Jessica shaded her eyes against the afternoon sun, which was more intense than the noonday sun in D.C. “Only good thing is that since Kowona's gone into hiding, the killings've ended.”

“ So far's we know, you mean.” His smile was easy and sly as he handed her a plastic thermos cup fdled with black Kona coffee and a careful blend of Jack Daniel's. They were high enough up the mountainside that it was cool here, even in the bright sunlight. “Thought you could use a little kick,” he warned.

“ What, I'm not hot enough?” she asked playfully.

They stood halfway up the face of a mountain, watching intently a platoon of weary men in army fatigues searching alongside dogs for any sign or scent of Lopaka Kowona.

Parry studied the lay of the land and then the layout of their makeshift headquarters: an unpaved, red-sand parking lot outside a small grocery store, nestled among the foothills, serving a shy, retiring community of peaceable island dwellers, both well-to-do and otherwise up here, who'd carved out a little place of their own. Even the houses up here, tucked away behind thick greenery and blooming mango trees, seemed to be hiding from this influx of machines and human activity on the mountain. The only exception was the store and the little man who owned it, a Korean who knew opportunity when he saw it; he'd been peddling packets of peanuts, raisins, candy and Twinkies along with soft drinks and coffee to the army that had descended on the area and had bivouacked at his doorstep. He looked as if he had God to thank for his sudden prosperity, but that thanks would have to wait until after the end of a business day.

“ What about the homes in the area?” asked Jim, looking over an aerial map on one of the tables here. “Have they been canvassed and cleared as possible hiding places for our man?”

“ Yes, all done within a fifty-mile radius,” Jessica walked him to a second rickety table below a tent where she pointed to a map held down in the wind by stones. “No irregularities, no suspicions reported, and no one's seen a hair of this guy's head.”

“ Then we move out to a hundred-mile radius.

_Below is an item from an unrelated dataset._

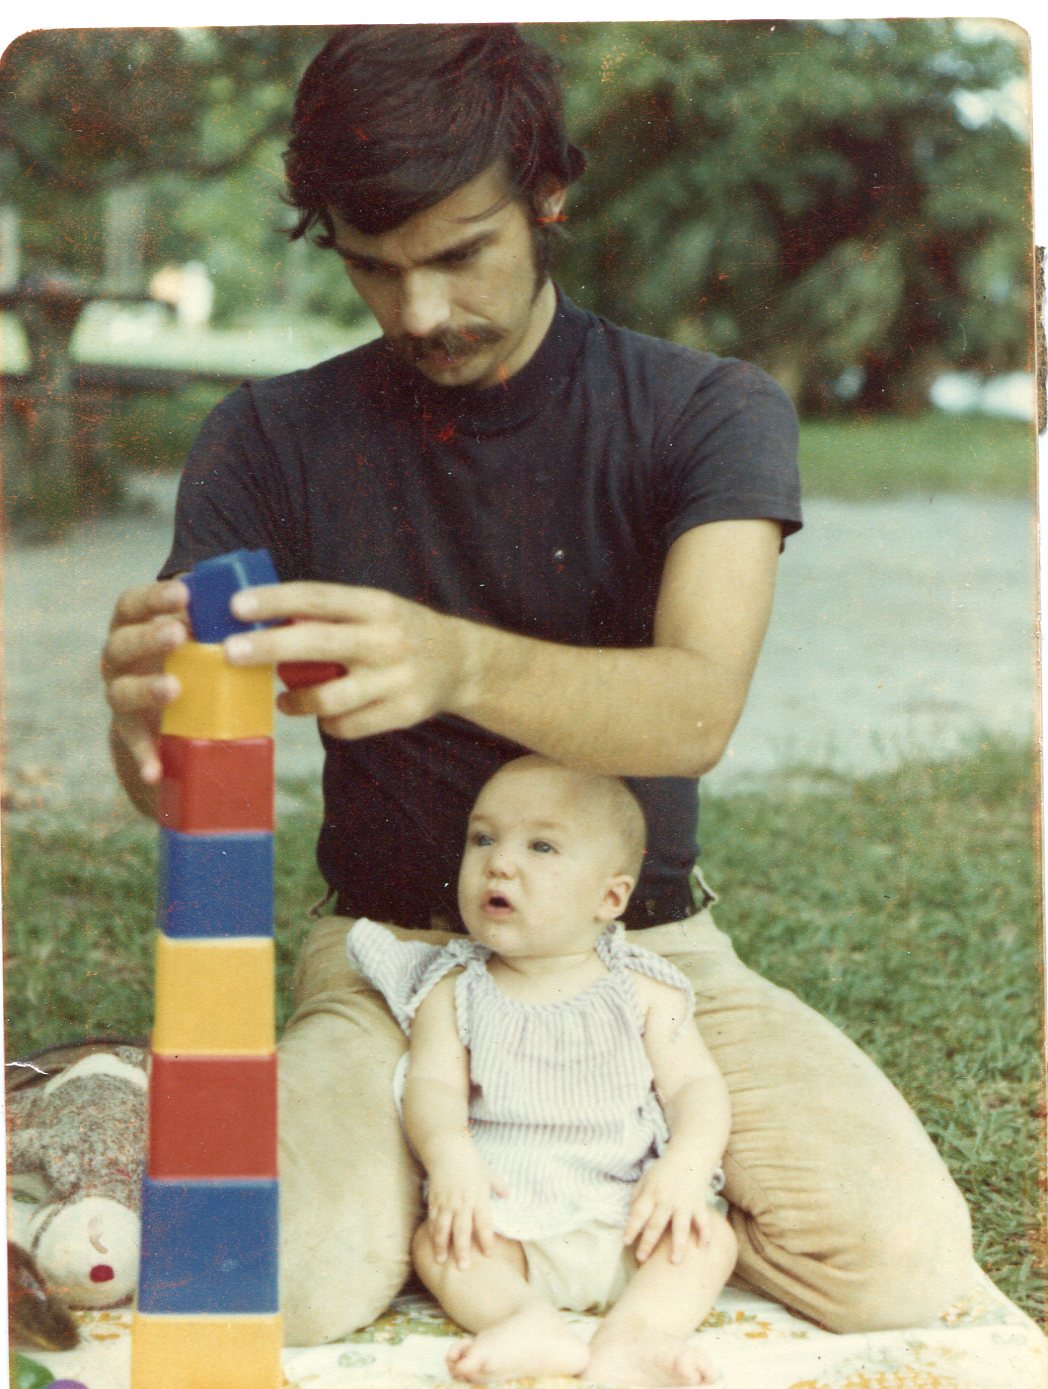 Dad circa 1974

Give me the radio. I'll make the order.”

“ He's not here, Jim,” she softly said.

He looked curiously at her as she stared off into the lush distance. “Just how do you know that?”

“ If he hasn't been flushed by the dogs by now…”

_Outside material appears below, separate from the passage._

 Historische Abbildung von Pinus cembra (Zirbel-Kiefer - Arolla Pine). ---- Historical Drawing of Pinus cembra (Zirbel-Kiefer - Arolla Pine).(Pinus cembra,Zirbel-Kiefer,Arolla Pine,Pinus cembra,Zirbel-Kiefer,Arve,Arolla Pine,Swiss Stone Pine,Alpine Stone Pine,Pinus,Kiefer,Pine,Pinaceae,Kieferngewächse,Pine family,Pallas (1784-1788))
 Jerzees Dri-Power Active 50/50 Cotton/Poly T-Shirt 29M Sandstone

“ It's a bastard of a mountain range, Jess.”

“ The dogs've picked up no trace of him. If he were here, or if he'd been here…”

“ Do you propose we just give in already? Tell everybody in the islands it's over, that he's given us the slip?”

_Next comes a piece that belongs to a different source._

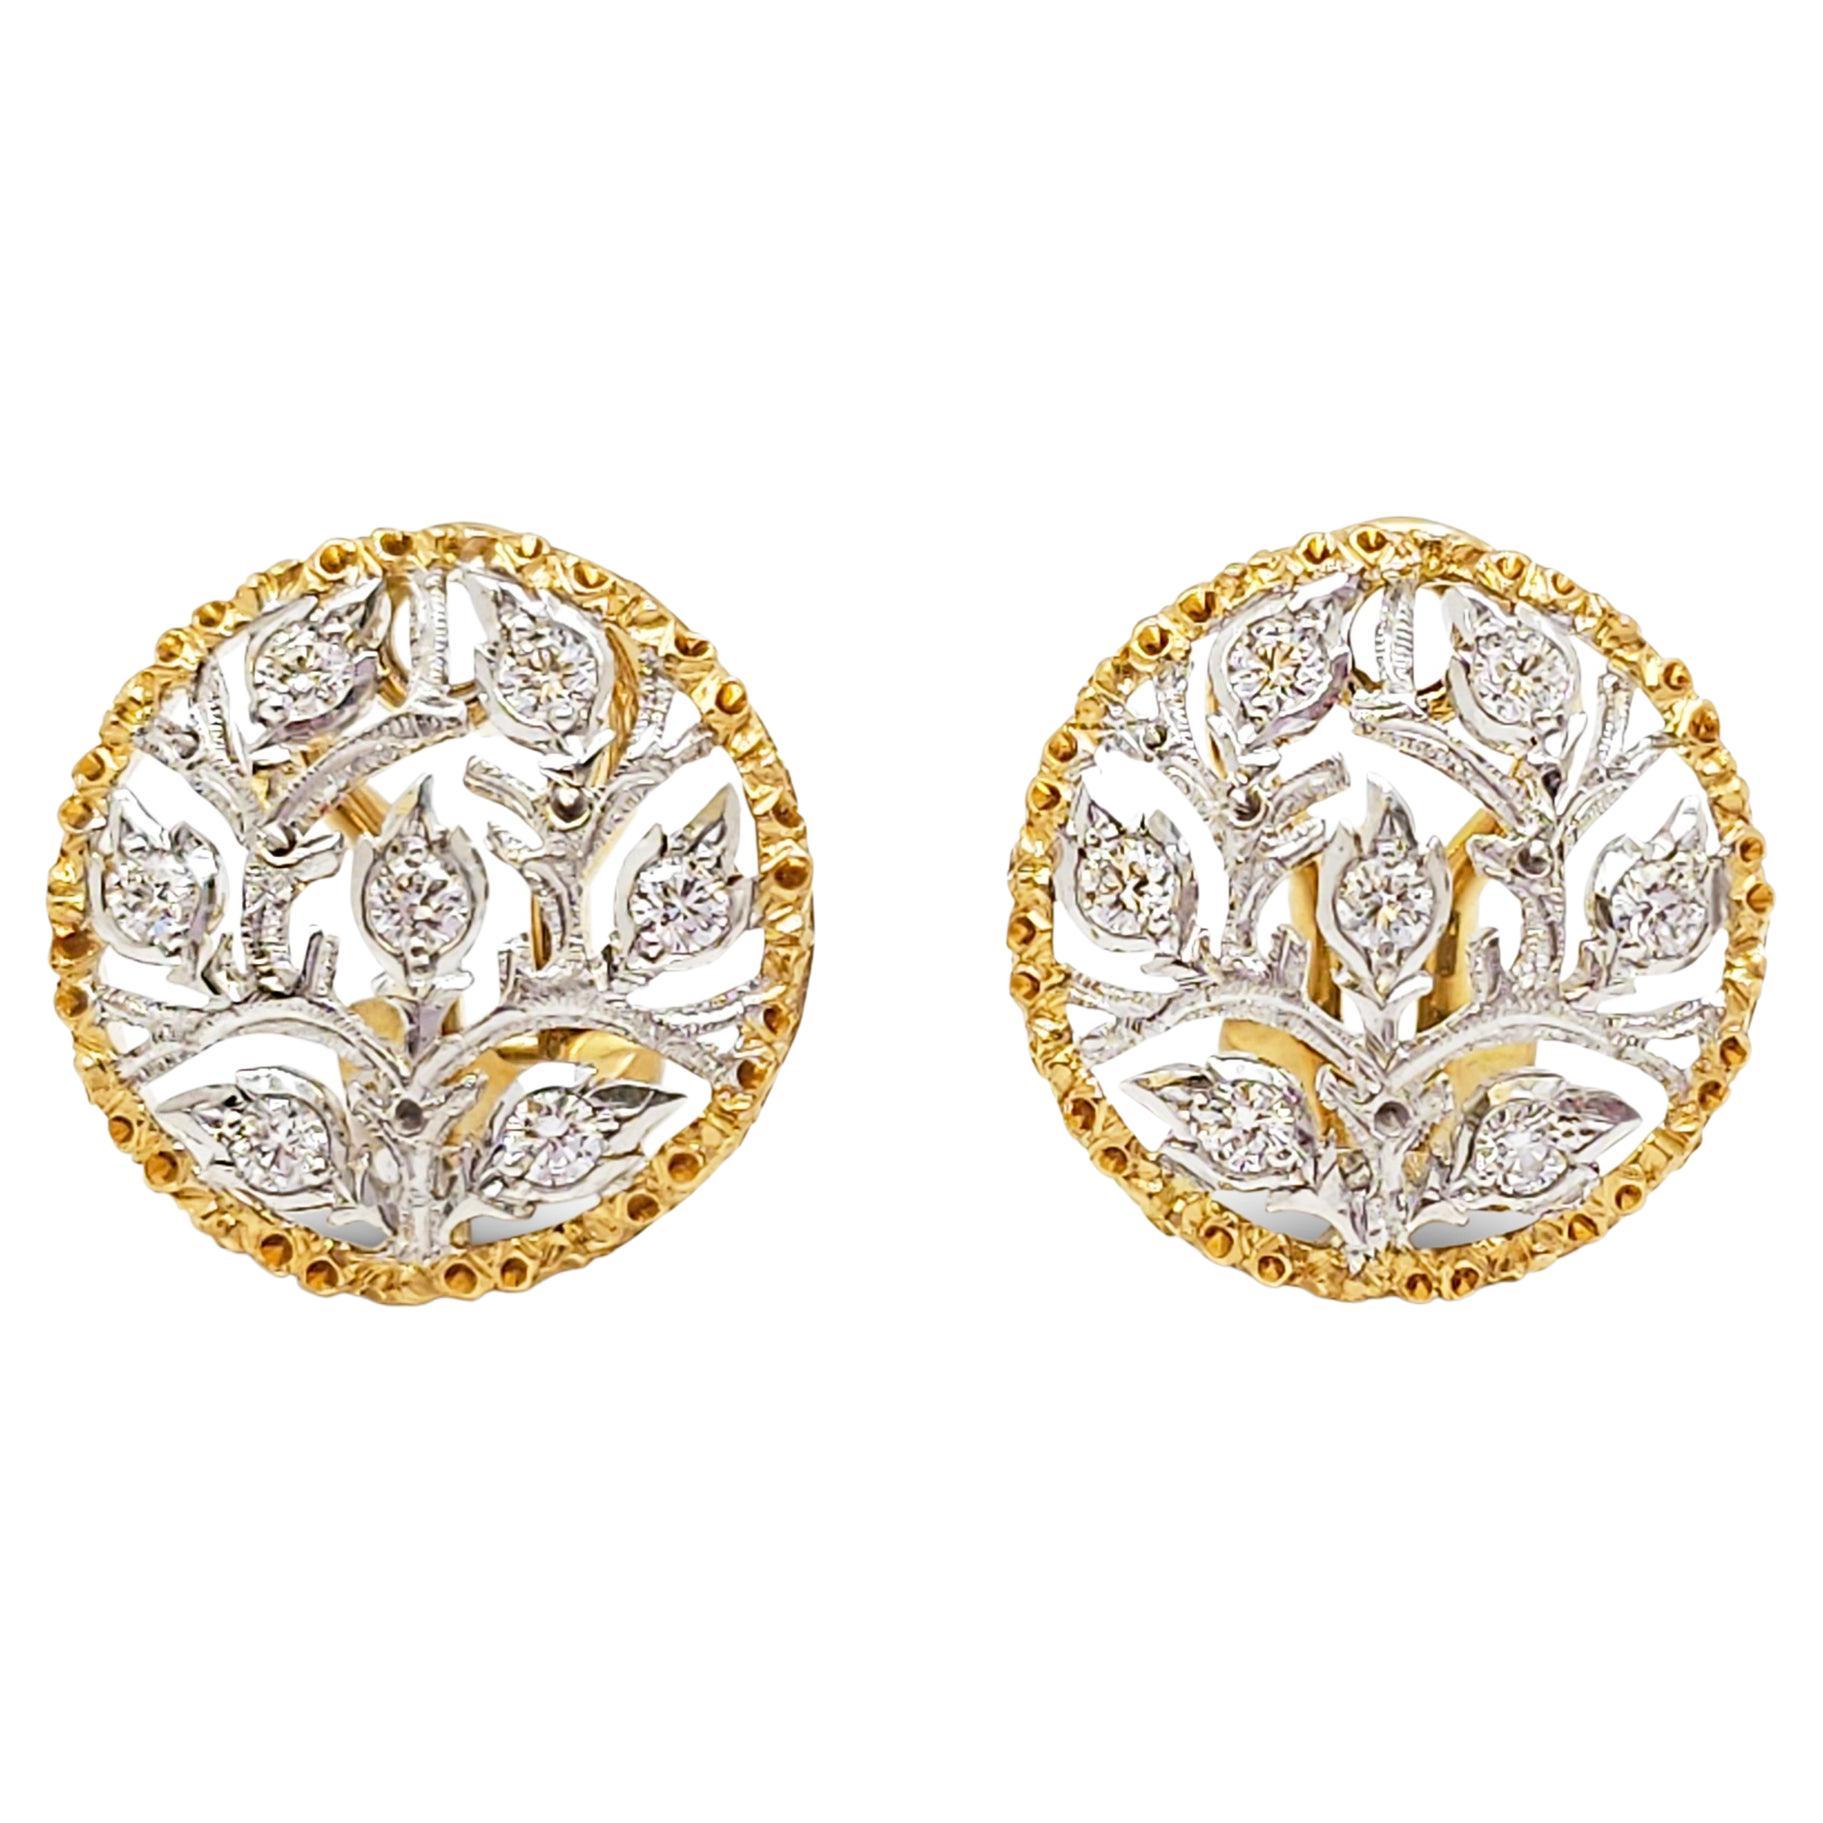 Buccellati 'Ramage' Gold and Diamond Earrings
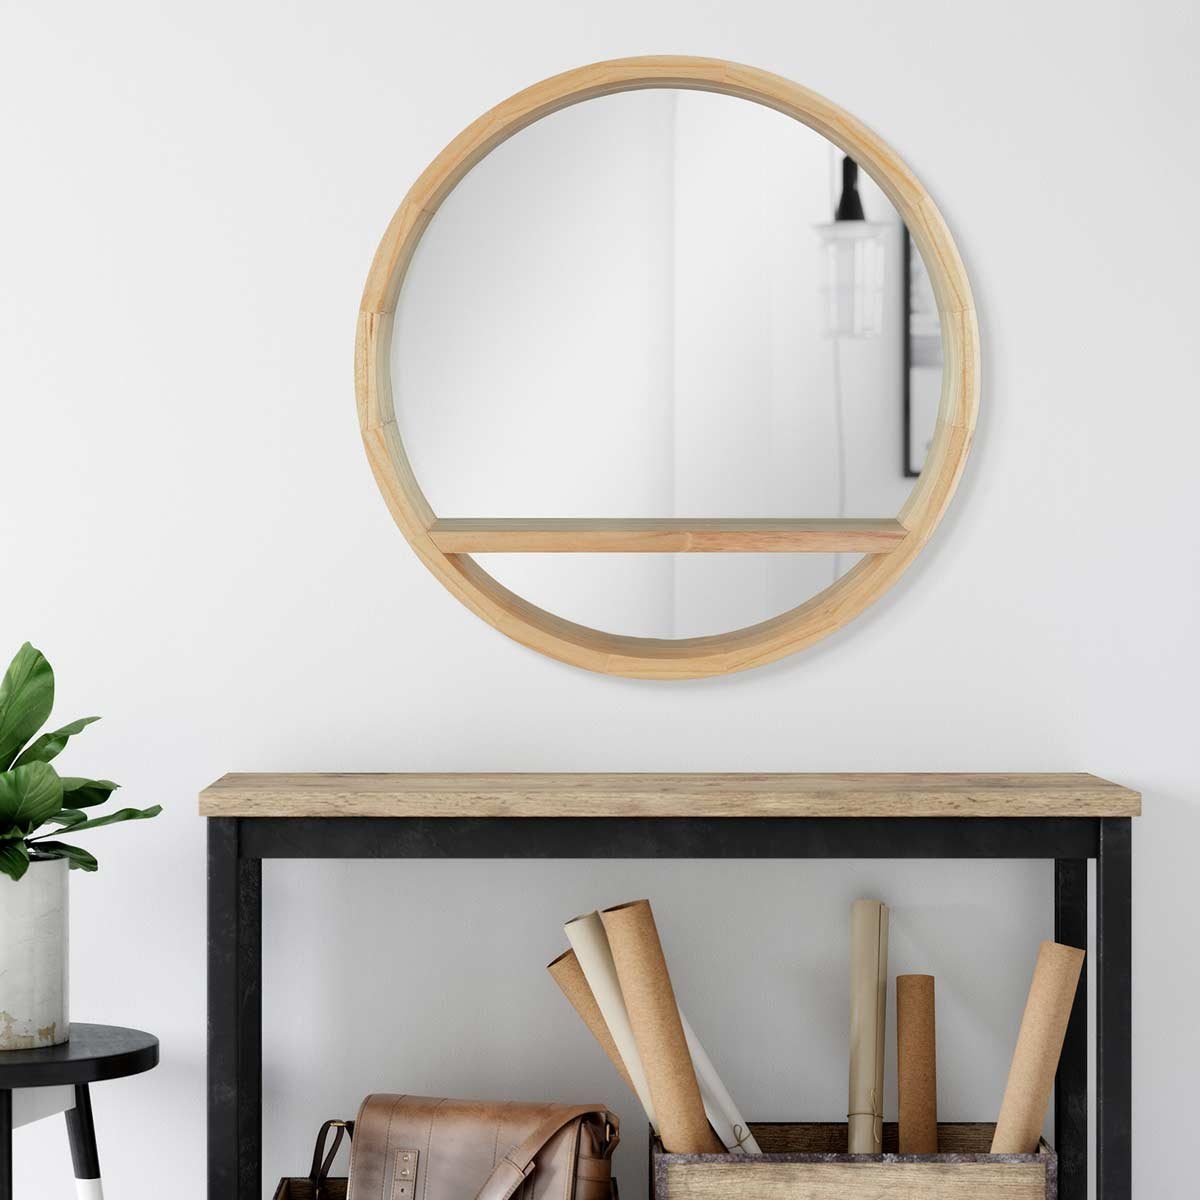 PHOTOLINI Spiegel mit Holzrahmen praktischer Ablagefläche, und Naturholz Wandspiegel

“ Just being practical. Don't forget, I know something about hunting, and this hunt?” She paused and pulled tiredly at her aching neck with one hand. “Just isn't panning out, Jim. We're looking in the wrong place.”

“ Any suggestions?” Jim's frustration was like a jagged file against his words. “He's either the goddamned invisible man or he's somehow gotten off the island.”

“ Bound for where?”

“ We've checked and double-checked all the airlines, including the island-hoppers and chopper lines. No one boarded Lopaka, so he didn't fly out of here.”

“ Then he got aboard a ship or a boat of some sort.”

“ You been talking to Tony?”

“ Of course I have.”

“ Look, the Harbor Authority wasn't alerted to the emergency as quickly as the airlines, but they claim there've been no irregularities.”

“ Come on, Jim.”

“ Regardless-”

“ How many times do those guys look the other way?”

“- regardless,” he continued, “we radioed every ship that left port yesterday. We're tracking every destination, and we've got agents waiting at each destination port. Each vessel will be thoroughly searched. So we've long ago assumed a correct posture there, and we've got every ship's master cooperating.”

“ So you covered the big ships, but what about the fishing vessels that work the islands?”

“ They're all accounted for, according to the harbor patrol.”

“ And if there was an unscheduled boat in a slip the other night?”

“ Assuming such… that he got a boat out. Where'd he go to?” he pointedly asked. “Best guess… hunch… anything?' Parry was feeling his way in the dark, looking for corroboration for his own amorphous theory, looking to form it into a conviction, to convince himself he was about to do the right thing.